[Data records]
———

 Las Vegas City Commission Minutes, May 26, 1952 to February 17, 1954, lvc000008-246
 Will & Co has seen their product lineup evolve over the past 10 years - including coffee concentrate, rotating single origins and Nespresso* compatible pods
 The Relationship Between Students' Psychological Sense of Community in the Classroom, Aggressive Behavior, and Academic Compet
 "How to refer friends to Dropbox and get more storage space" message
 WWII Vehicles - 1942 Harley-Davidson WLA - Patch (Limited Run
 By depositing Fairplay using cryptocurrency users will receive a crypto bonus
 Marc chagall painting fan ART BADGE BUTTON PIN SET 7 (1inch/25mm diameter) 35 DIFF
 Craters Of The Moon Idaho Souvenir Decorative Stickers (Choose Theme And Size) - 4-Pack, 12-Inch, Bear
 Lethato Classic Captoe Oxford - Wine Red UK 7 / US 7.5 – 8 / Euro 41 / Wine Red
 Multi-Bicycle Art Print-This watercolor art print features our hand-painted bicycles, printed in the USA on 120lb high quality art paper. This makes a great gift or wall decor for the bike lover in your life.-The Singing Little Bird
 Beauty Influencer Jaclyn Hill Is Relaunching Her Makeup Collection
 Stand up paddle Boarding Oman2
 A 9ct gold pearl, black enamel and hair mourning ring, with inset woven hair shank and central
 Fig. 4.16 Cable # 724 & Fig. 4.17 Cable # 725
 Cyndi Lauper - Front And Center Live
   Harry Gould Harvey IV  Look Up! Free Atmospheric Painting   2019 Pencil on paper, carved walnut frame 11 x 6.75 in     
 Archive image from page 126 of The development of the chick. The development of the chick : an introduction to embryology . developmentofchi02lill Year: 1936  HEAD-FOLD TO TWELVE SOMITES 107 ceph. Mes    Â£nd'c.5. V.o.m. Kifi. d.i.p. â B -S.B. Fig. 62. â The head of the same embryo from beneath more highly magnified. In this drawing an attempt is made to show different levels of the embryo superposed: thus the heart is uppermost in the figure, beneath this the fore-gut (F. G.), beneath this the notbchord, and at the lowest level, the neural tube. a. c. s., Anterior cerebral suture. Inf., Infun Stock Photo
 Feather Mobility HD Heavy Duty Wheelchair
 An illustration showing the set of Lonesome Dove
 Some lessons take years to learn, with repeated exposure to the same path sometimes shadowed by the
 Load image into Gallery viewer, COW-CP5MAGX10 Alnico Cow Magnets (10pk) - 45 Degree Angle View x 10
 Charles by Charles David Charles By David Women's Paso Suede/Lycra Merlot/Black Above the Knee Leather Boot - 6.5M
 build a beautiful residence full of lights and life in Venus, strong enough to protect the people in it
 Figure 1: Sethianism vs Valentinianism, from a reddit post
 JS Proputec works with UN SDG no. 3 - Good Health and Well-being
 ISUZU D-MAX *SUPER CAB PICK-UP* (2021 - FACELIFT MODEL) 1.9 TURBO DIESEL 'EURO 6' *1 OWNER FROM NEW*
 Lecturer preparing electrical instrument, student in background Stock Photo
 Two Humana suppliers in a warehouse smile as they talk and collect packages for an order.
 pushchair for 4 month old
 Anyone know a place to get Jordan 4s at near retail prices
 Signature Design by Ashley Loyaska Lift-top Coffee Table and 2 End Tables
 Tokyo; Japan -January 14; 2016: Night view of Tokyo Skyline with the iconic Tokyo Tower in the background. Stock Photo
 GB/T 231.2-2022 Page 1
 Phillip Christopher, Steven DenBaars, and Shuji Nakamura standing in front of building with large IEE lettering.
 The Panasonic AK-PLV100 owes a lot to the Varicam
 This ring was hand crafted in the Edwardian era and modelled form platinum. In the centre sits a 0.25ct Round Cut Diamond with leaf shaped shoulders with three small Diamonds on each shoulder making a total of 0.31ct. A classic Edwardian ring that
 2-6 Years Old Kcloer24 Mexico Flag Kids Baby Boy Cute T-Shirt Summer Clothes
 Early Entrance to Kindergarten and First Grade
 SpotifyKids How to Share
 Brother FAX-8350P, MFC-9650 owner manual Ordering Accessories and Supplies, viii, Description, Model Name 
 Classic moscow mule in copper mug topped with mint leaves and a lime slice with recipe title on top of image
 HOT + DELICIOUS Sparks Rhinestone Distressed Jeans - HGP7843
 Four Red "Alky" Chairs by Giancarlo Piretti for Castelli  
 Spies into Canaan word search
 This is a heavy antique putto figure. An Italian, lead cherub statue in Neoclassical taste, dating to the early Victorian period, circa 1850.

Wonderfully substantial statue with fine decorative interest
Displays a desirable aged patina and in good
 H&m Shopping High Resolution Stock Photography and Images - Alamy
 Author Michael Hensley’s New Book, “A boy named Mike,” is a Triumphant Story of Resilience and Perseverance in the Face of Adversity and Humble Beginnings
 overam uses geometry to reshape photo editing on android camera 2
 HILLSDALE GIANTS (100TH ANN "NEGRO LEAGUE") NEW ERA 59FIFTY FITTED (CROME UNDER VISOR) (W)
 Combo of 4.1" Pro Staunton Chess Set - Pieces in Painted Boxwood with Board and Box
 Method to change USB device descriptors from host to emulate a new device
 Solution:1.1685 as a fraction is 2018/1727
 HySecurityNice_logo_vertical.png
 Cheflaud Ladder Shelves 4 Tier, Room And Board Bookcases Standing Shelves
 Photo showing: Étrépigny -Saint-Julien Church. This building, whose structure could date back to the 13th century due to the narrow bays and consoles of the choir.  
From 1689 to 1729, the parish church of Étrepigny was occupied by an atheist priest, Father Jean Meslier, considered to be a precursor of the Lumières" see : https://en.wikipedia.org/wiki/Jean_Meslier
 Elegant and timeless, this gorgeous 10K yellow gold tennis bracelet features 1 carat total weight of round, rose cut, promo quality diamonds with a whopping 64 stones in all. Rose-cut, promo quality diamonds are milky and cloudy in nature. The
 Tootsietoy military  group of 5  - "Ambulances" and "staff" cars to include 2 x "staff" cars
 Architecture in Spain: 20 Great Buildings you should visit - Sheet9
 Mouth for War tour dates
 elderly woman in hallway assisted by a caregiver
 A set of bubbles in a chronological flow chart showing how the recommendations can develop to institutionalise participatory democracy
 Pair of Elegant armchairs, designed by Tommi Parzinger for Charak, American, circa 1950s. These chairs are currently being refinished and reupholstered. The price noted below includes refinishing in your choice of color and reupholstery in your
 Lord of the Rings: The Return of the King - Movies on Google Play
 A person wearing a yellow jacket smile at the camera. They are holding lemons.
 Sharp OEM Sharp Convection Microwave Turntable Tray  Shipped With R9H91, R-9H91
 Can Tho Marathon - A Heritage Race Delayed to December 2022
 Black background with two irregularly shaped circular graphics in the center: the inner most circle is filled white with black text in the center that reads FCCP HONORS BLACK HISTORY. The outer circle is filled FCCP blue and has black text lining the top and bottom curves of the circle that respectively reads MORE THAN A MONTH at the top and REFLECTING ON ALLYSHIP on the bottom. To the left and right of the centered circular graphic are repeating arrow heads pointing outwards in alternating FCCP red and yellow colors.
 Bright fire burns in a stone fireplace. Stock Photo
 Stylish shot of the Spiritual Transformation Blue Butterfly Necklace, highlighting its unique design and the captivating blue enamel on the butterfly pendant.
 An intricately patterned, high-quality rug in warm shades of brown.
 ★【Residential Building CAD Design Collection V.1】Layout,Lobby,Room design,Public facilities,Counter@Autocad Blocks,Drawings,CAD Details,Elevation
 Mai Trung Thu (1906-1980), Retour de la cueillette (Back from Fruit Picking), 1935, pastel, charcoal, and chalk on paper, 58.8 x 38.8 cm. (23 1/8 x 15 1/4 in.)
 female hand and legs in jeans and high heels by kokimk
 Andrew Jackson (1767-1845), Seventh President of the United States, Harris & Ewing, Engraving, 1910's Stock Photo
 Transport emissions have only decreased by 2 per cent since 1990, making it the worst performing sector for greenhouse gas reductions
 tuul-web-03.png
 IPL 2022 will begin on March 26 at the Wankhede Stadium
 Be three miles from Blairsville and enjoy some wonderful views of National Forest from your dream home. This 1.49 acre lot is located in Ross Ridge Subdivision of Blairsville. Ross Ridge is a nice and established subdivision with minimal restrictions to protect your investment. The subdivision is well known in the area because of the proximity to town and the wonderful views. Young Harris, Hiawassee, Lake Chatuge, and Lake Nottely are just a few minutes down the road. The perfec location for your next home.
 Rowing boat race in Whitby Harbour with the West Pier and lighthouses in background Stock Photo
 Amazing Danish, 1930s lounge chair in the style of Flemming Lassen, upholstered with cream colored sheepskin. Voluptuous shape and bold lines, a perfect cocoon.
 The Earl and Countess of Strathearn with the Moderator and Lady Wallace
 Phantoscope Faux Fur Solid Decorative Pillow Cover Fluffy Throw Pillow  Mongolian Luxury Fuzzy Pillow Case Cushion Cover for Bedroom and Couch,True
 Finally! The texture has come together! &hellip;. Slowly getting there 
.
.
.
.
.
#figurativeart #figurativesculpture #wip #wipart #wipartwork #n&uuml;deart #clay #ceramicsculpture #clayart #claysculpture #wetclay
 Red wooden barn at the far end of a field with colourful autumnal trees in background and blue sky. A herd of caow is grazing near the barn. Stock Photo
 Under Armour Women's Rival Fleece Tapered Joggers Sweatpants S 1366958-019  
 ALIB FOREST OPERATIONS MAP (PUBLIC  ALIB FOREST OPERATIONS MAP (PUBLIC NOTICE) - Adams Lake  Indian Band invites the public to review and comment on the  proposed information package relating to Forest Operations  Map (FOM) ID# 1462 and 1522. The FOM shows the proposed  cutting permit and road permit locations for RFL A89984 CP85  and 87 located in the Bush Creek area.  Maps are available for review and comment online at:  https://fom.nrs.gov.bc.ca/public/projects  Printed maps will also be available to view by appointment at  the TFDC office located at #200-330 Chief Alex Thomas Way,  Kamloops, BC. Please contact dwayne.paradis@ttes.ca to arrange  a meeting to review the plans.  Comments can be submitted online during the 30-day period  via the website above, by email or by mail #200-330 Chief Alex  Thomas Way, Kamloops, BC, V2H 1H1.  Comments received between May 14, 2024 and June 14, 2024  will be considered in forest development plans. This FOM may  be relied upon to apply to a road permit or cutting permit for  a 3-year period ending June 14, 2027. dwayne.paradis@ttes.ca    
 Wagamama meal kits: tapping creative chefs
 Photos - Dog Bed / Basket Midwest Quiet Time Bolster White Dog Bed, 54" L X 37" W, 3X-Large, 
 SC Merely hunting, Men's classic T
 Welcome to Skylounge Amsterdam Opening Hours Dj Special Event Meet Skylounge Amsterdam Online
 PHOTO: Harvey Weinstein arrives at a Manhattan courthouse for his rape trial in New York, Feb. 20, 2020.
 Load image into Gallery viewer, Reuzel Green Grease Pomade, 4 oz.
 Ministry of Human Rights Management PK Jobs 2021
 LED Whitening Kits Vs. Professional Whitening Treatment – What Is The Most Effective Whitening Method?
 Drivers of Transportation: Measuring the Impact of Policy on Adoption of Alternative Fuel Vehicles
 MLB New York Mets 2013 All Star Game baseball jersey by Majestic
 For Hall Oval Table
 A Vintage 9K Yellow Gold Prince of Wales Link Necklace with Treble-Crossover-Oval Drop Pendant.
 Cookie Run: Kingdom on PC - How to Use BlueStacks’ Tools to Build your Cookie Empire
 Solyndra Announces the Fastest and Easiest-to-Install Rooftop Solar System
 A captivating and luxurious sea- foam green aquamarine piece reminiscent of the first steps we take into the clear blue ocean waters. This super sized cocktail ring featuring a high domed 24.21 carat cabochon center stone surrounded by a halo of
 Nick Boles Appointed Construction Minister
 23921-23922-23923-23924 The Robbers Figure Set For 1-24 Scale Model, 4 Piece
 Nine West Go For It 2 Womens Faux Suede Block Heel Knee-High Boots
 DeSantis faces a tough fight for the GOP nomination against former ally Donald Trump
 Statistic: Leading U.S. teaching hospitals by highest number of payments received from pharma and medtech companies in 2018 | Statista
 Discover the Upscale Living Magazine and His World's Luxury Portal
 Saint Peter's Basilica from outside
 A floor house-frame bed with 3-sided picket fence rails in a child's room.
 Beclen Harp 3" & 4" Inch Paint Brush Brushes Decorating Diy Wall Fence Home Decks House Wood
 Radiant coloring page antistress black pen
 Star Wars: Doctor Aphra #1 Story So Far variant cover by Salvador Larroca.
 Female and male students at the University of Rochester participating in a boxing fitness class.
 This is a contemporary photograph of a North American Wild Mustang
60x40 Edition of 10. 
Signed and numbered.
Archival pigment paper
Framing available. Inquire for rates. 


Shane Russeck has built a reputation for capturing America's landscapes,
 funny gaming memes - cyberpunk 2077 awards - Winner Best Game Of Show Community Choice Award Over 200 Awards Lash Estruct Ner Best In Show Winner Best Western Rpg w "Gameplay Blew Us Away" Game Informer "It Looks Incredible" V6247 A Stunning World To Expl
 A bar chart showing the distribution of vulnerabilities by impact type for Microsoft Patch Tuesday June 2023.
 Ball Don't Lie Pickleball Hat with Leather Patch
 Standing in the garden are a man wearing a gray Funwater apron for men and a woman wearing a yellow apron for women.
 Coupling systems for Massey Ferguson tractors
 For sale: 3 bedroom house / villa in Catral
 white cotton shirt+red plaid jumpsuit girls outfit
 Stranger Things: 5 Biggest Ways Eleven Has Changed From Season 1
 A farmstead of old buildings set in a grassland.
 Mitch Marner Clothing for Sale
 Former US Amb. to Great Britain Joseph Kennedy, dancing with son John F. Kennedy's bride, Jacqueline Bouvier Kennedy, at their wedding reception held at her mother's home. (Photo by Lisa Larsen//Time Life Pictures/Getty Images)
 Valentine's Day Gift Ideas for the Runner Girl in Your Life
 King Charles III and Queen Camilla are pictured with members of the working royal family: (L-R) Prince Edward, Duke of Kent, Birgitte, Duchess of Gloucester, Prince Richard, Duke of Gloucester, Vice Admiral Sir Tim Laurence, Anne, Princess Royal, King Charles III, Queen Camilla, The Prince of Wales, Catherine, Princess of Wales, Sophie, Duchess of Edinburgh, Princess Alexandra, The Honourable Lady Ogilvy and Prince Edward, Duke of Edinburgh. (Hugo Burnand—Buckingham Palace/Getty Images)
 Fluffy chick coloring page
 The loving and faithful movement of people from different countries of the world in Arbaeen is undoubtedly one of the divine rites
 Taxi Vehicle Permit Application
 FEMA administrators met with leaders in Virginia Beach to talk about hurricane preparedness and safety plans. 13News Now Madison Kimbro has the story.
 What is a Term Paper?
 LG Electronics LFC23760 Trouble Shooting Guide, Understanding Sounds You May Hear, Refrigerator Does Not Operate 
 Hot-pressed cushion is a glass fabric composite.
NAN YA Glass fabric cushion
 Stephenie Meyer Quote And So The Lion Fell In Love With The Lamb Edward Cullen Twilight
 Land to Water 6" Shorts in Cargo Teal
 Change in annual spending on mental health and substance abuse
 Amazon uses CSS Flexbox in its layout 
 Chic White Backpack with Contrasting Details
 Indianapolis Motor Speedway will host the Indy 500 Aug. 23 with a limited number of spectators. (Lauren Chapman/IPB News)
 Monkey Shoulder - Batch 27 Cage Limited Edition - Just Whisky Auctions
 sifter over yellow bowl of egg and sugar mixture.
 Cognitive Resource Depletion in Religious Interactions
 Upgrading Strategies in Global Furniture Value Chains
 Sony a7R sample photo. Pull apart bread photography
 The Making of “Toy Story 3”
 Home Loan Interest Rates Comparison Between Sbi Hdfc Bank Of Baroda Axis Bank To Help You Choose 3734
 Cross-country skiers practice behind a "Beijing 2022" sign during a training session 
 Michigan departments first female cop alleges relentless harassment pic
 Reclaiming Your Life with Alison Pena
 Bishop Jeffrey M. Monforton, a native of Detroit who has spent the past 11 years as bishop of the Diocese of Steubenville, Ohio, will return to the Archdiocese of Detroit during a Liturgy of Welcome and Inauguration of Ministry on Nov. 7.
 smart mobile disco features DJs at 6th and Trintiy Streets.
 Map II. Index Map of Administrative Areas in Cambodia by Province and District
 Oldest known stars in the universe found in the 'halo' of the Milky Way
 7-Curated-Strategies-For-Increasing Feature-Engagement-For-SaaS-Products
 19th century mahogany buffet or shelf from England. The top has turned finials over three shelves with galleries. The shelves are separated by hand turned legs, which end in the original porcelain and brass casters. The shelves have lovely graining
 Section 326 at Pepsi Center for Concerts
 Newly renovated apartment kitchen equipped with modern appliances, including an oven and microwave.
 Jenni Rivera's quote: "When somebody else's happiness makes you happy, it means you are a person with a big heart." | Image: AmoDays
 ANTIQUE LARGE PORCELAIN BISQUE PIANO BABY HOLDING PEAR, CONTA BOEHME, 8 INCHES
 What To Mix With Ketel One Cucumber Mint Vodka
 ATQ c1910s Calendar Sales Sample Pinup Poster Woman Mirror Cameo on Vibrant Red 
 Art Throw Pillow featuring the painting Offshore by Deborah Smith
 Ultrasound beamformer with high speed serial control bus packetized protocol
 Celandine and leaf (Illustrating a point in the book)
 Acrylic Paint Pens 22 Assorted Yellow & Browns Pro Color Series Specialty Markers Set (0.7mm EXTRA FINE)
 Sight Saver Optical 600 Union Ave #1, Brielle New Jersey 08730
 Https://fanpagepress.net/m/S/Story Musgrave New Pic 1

———

**WHAT TO WORK ON:**
Repeat every line exactly, starting with the first line of the entries, and stop once the line containing "Will & Co has" has been given.

**OUTPUT:**
 Las Vegas City Commission Minutes, May 26, 1952 to February 17, 1954, lvc000008-246
 Will & Co has seen their product lineup evolve over the past 10 years - including coffee concentrate, rotating single origins and Nespresso* compatible pods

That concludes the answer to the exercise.